PROBLEM DESCRIPTION: Among the lines below, copy each one in which "Shirt" appears.

Stored dataset items:
________

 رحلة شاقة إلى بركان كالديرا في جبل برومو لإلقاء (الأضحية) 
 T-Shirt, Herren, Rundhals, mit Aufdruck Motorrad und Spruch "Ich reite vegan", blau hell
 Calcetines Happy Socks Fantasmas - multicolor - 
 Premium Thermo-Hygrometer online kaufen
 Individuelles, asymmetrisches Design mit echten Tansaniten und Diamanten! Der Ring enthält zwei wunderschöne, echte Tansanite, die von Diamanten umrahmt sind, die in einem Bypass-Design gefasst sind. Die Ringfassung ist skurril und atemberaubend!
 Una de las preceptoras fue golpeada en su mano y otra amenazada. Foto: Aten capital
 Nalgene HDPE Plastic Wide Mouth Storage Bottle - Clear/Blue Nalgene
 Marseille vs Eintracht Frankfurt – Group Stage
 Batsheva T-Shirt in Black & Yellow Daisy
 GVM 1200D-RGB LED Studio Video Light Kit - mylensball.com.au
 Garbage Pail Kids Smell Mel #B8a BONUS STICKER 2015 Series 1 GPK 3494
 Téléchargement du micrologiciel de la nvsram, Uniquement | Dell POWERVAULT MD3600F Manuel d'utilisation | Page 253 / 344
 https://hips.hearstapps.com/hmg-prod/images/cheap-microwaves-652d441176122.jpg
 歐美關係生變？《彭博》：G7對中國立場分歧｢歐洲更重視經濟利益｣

________

WORKED SOLUTION:
 T-Shirt, Herren, Rundhals, mit Aufdruck Motorrad und Spruch "Ich reite vegan", blau hell
 Batsheva T-Shirt in Black & Yellow Daisy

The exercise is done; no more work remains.